September was another month of slow jobs growth, the government reports. Private payrolls increased 104,000 last month, according to the Labor Department’s establishment survey. (Total payrolls, which include government jobs, rose 114,000.) That’s up from August’s revised gain of 97,000 for the private sector, but no one will be impressed with these numbers. Nonetheless, there’s no smoking gun here for arguing that the labor market is collapsing. It may be suffering a slow and lingering death, in which case the last rites may be administered at some point down the road. In the here and now, however, private-sector job growth of 104,000 doesn’t signal that the economy’s in recession, even if it’s not hard to envision a change for the worse in the near-term future. Nor does the 1.7% year-over-year growth in private payrolls through last month tell us that the jig is up. It’d be another matter if September data so far from other sources screamed of free-fall. But that’s not the case either (see here and here, for instance).
Meantime, a curiosity worth mentioning: A separate employment survey from the Labor Department shows a much-brighter picture for September. The so-called household survey, which is calculated with a separate methodology, is used for estimating the monthly unemployment rate. The official jobless rate for the nation reportedly fell to 7.8% last month vs. 8.1% in August. Why? The household survey reports that employment rose an incredible 873,000 last month–the best month in nearly a decade. Huh?!?! That’s almost certainly overstating the case, and dramatically so, which is probably why most economists tend to focus on the establishment survey. Indeed, the household numbers are far more volatile on a monthly basis vs. the establishment data. (For some details on how the two series compare, see the Labor Department’s explanation here.)
On that note, let’s review the history of private payrolls via the establishment numbers in recent years for some context with today’s update. As the chart below shows, the labor market is still expanding. It’s not impressive (notwithstanding the household numbers), nor anywhere near sufficient to inspire much confidence about the longer-term economic outlook. But if we’re looking for signs that September will eventually be labeled the start of a new recession, as defined by NBER, the news in today’s payrolls report isn’t dark enough.

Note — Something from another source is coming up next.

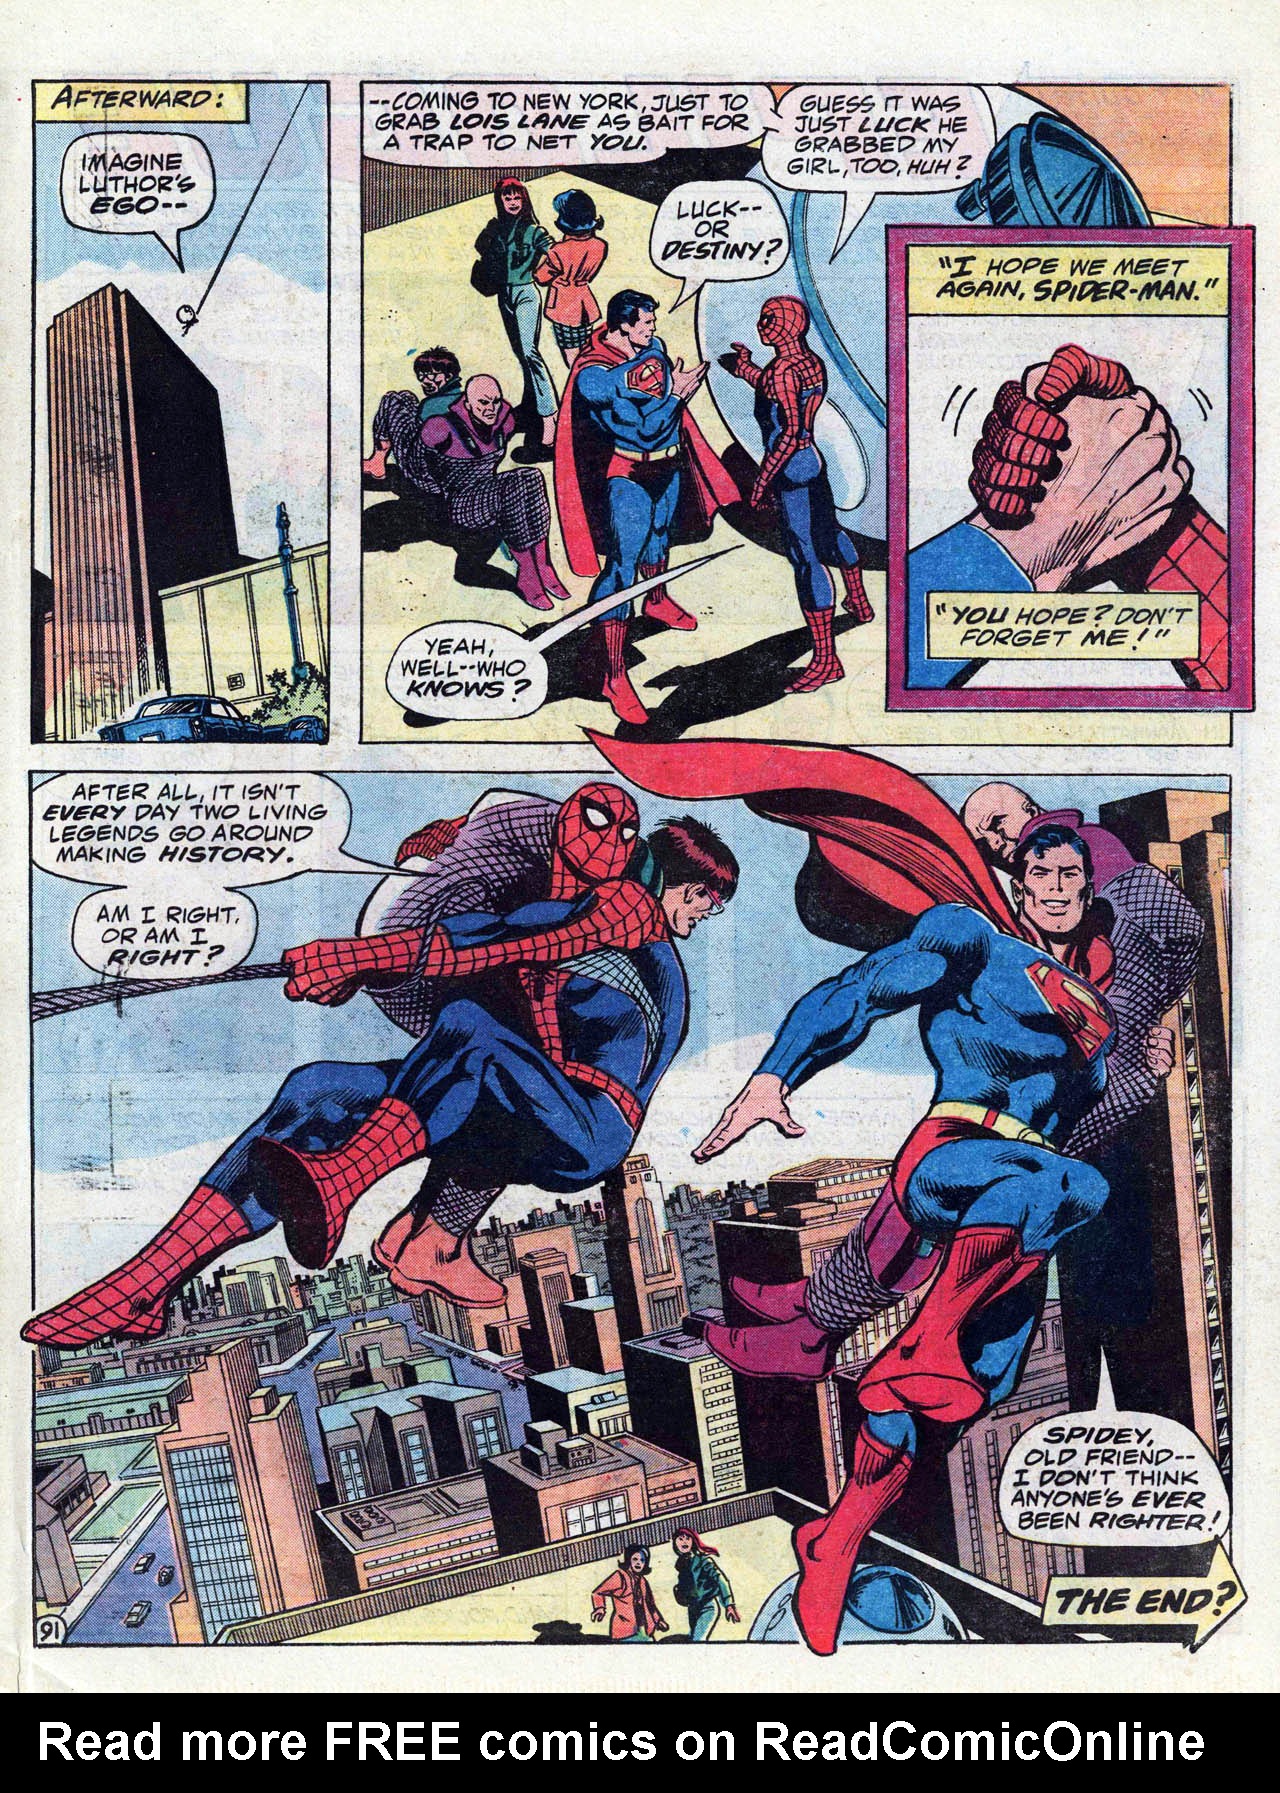 Superman vs. The Amazing Spider-Man 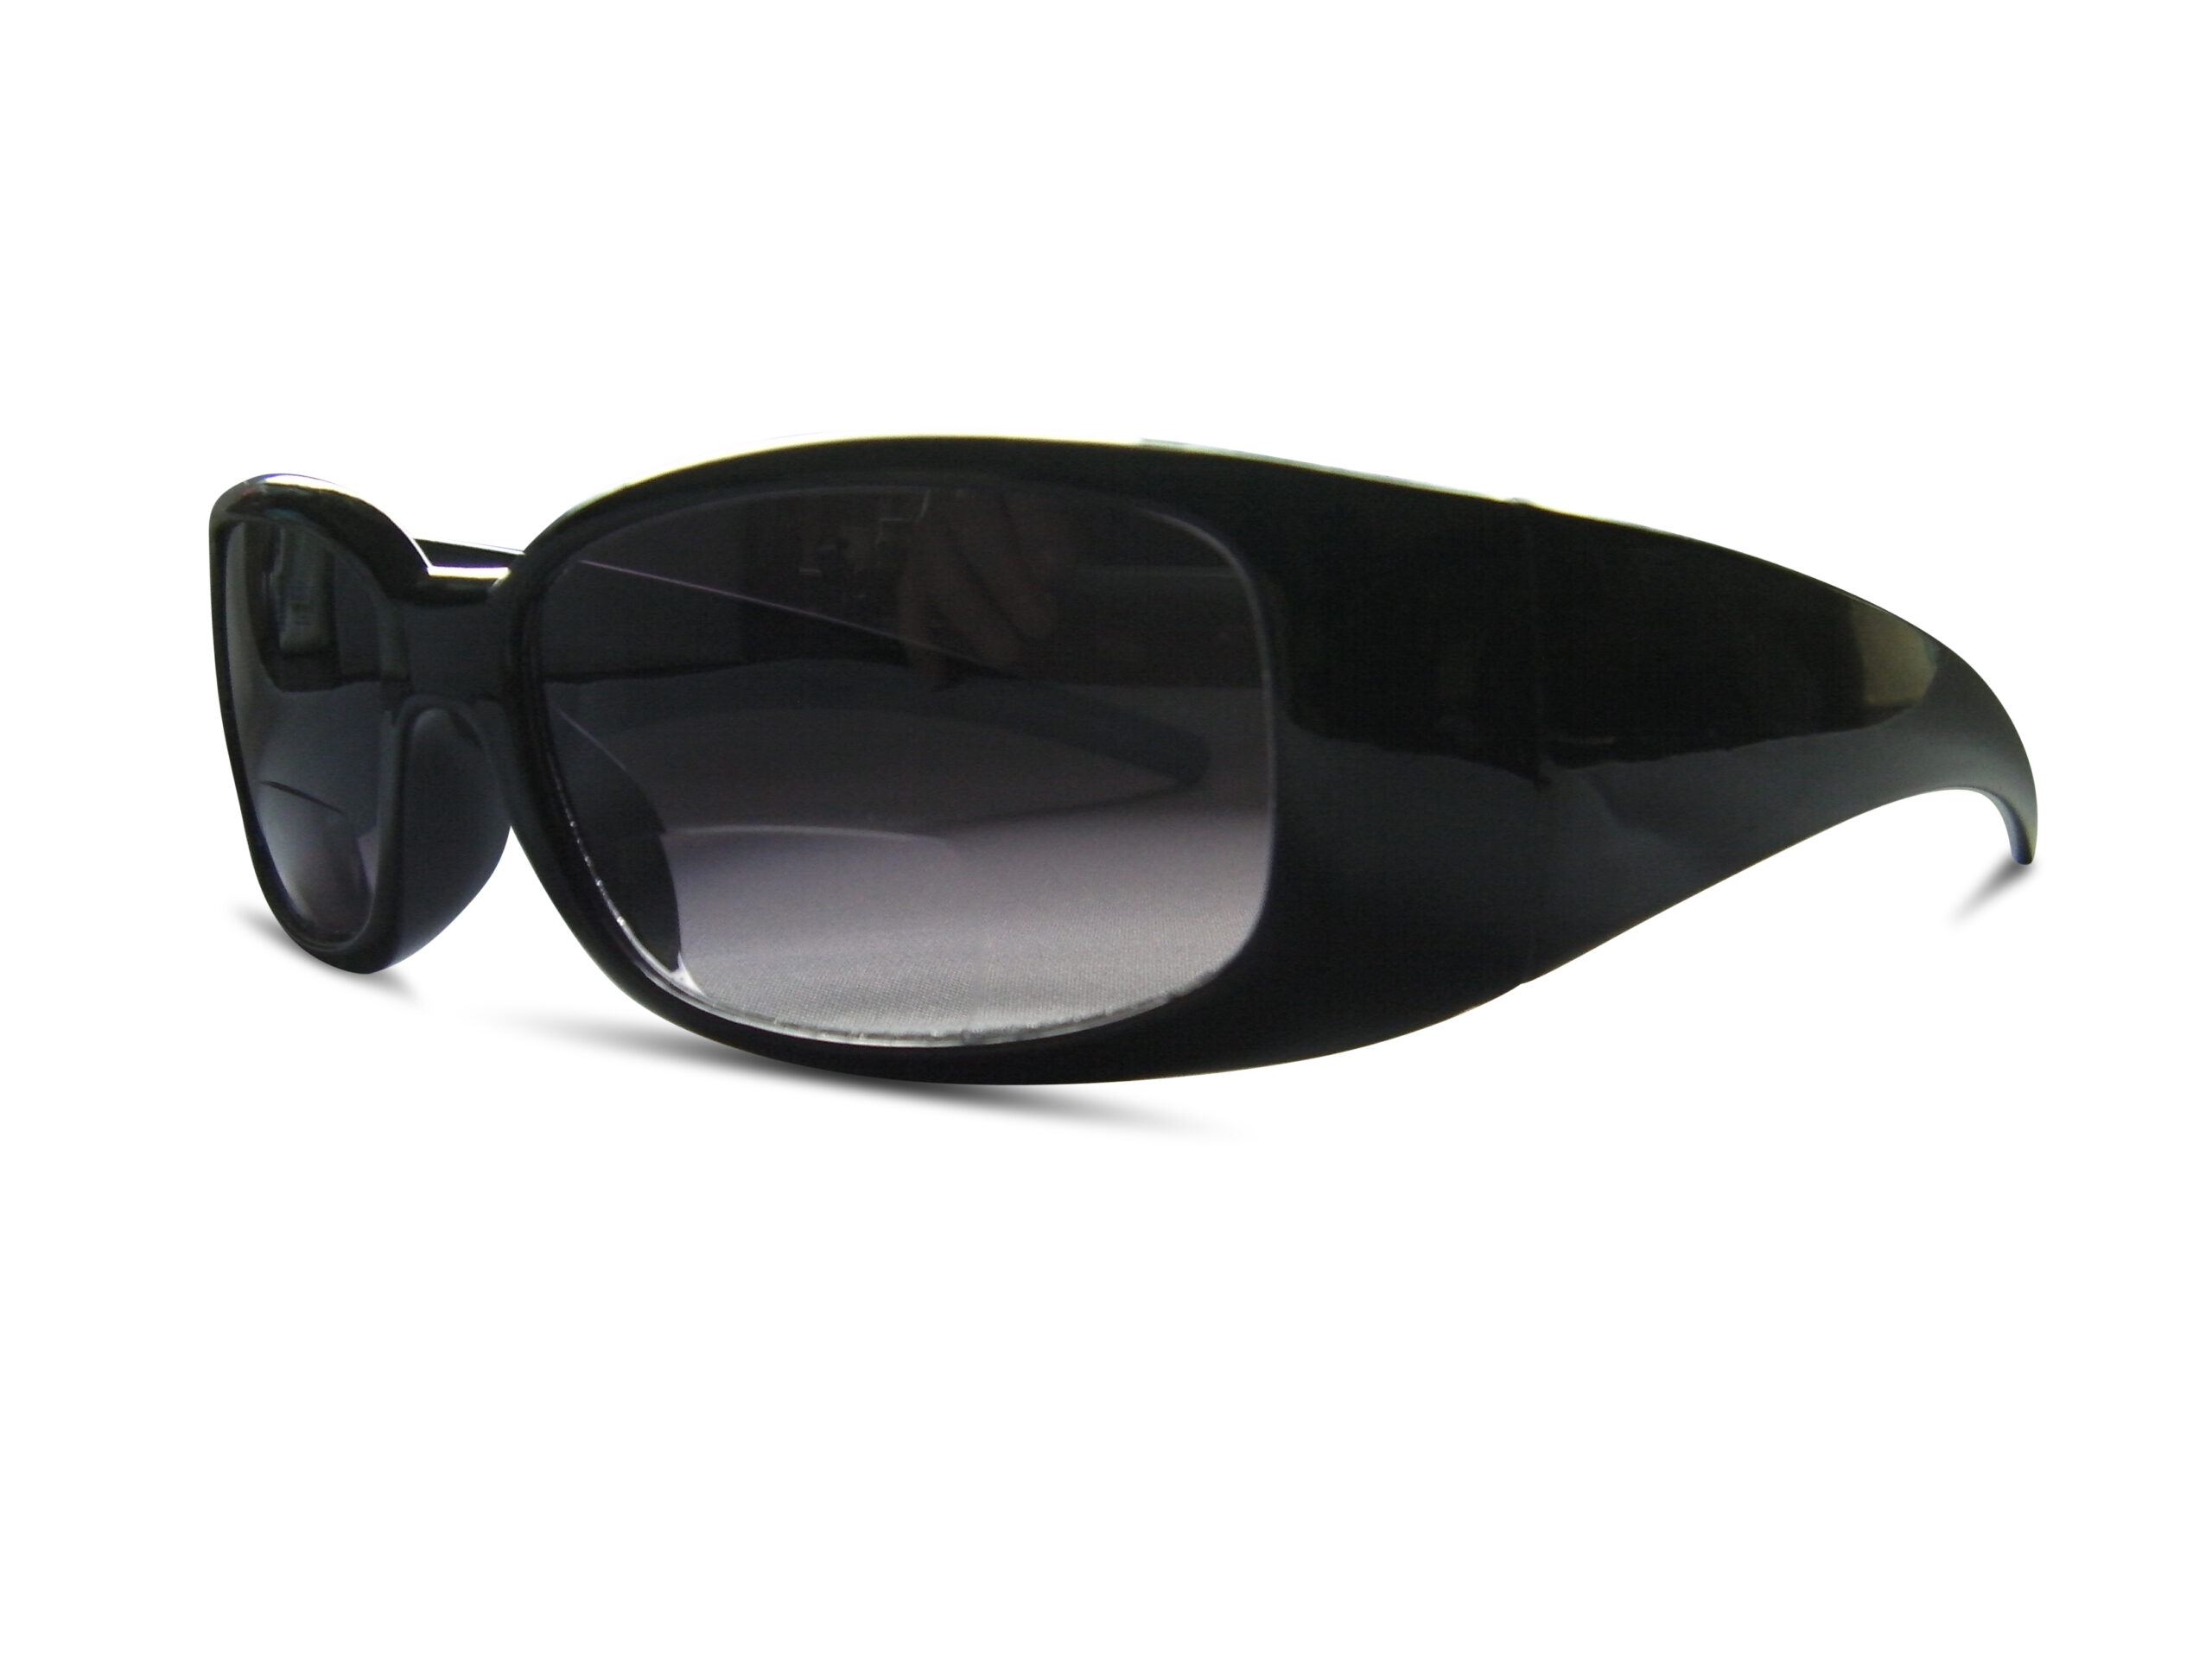 Aviator sunglasses Black and White Stock Photos & Images - Alamy

It’s important to distinguish between what’s increasingly looking like a chronic illness for growth vs. nowcasting the current state of the business cycle. The key points that everyone agrees on: 1) economic growth decelerated over the last six months or so; and 2) the all-important pace of job growth has suffered too. The obvious warning signs in this process can’t be ignored, namely, slow growth at some point, if it drags on long enough, will bring us to a new recession.
When the tipping point is reached, however, it’ll be obvious in the data. That includes payrolls, but even this key indicator can’t be relied on for issuing timely signals about the state of the business cycle. That requires a deeper dive into the data, which is the inspiration behind The Capital Spectator Economic Trend Index (CS-ETI). When we last checked in with CS-ETI for the read through August, the odds that a new downturn had started remained low. The numbers so far for September don’t change that view, although it’s still early and today’s jobs report reminds that we should be prepared for weaker-than-expected news in other September indicators as they arrive in the coming weeks.
Pessimists will point out that data revisions will darken the cyclical skies and so profiles a la CS-ETI are bound to be misleading. Nice try, but the methodology behind CS-ETI minimizes revision risk on several fronts. First, CS-ETI measures a broad array of leading and coincident indicators so that we’re not relying on the kindness of the revision fairy for any one data point. That’s crucial because revisions are both positive and negative through time across a broad data set. By looking at a mix of indicators, the revisions to some degree will cancel one another out.
Another defense against revisions in CS-ETI is tracking mostly year-over-year percentage changes. That’s important because the year-earlier figures are less likely to be revised dramatically, if at all. Year-over-year changes also provide us a clearer read on the cycle compared with trying to see through the seasonal distortion that routinely harasses in shorter time frames.
In addition, CS-ETI uses several indicators that are immune to revisions, i.e., the market data for stocks, oil prices, and interest rates. And the surveys for manufacturing and services via the Institute for Supply Management, along with the consumer sentiment survey from the University of Michigan, have a history of minimal revisions vs. conventional economic numbers.
Finally, to round out this point, I’ve analyzed the vintage data for the last 10 years and CS-ETI’s signals hold up quite well. In other words, revision risk isn’t likely to blind us for very long or very deeply, thanks to the design of CS-ETI.
All that aside, there’s no denying that economic growth remains weak and is perhaps getting weaker. In terms of a binary analysis—growth or contraction?—the overall summary is that recession risk is still low. A qualitative analysis may tell us otherwise, of course, such as looking at a nowcast of third-quarter GDP, based on the latest numbers (here’s last week’s update). I’ll have an update on that front soon, along with fresh numbers for CS-ETI.
Meantime, the sluggish expansion drags on. It may not be improving, but it’s not necessarily getting worse either. We are, it seems, still caught in economic purgatory, somewhere between heaven and hell.